Penegasan informasi yang disampaikan Humas BPN, bahwa Kantor Pertanahan TIDAK akan menarik sertipikat tanah yang sudah dipegang oleh masyarakat, melainkan sertipikat analog yang dipegang oleh masyarakat tersebut dapat diajukan menjadi sertipikat elektronik. Artinya disini ada pemahaman bahwa dengan keluarnya Peraturan menteri ini, tidak berarti semua sertipikat tanah yang dipegang masyarakat harus serta merta diubah menjadi E-Sertipikat. Dan ini dapat kita lihat di Bab III Pasal 6 Permen ATR/BPN.
Di era digital saat ini, dengan keterbukan informasi, dari sisi positifnya memang E-Sertifikat dapat memberikan jaminan kepastian hukum, dengan meminimalkan pemalsuan dan duplikasi, serta minimal mengurangi misinformasi yang sering menyebabkan terjadinya sengketa dan konflik agraria.
Akan tetapi, dari sisi negatifnya bahwa dengan kemampuan dan kecanggihan para hacker dan lain sejenisnya dalam penetrasi ke situs-situs penting, dapat memberikan ketidak nyamanan dan kekuatiran dari masyarakat.
Oleh karena itu, Kementerian ATR/BPN masih perlu terus memberikan edukasi kepada masyarakat dan menjelaskan jaminan bahwa tingkat keamanan kepemilikan E-Sertipikat atas tanah yang mereka punya sangat aman bukan hanya sebuah retorika semata, tetapi nyata adanya.

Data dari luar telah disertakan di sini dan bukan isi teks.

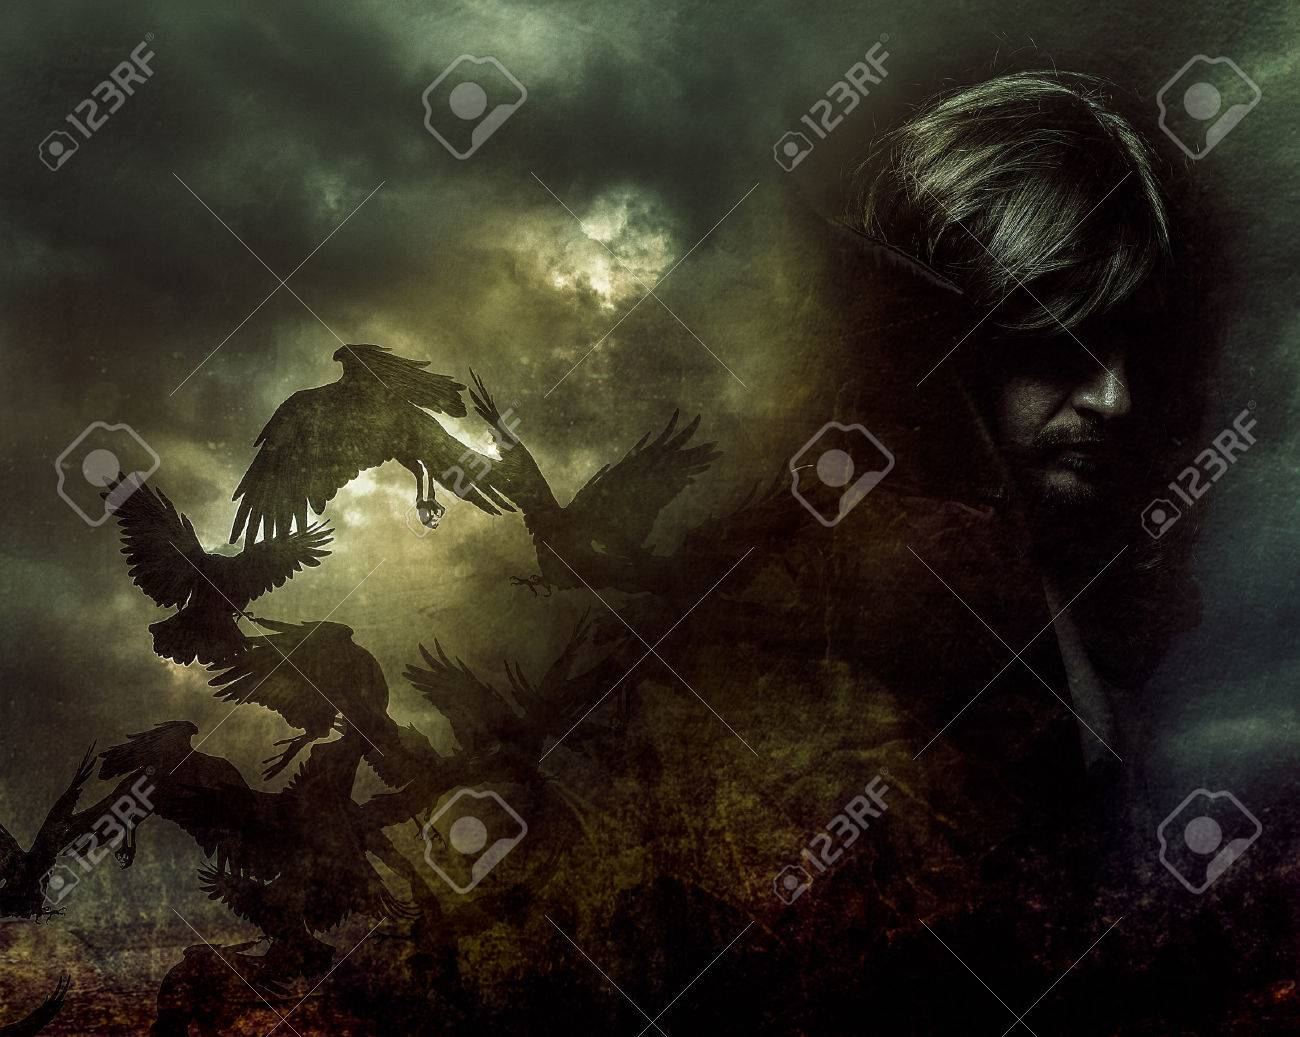 Paranormal, man with long hair and black coat - 33606906

Dengan demikian, E-Sertipikat dapat meningkatkan registering property yang muaranya terjadi peningkatan atas peringkat "Ease of Doing Business" negara kita, adalah bentuk komitmen dan kontribusi masyarakat terhadap negaranya, adalah sebuah solusi.
Moga, ini cuma sindrom "barang baru"!
Oleh: Dr. Usmar, SE.,MM.
Kepala Lembaga Penelitian & Pengabdian Masyarakat (LPPM) Universitas Prof.Dr.Moestopo (Beragama), Jakarta. & Ketua Umum Lembaga Kebudayaan Nasional.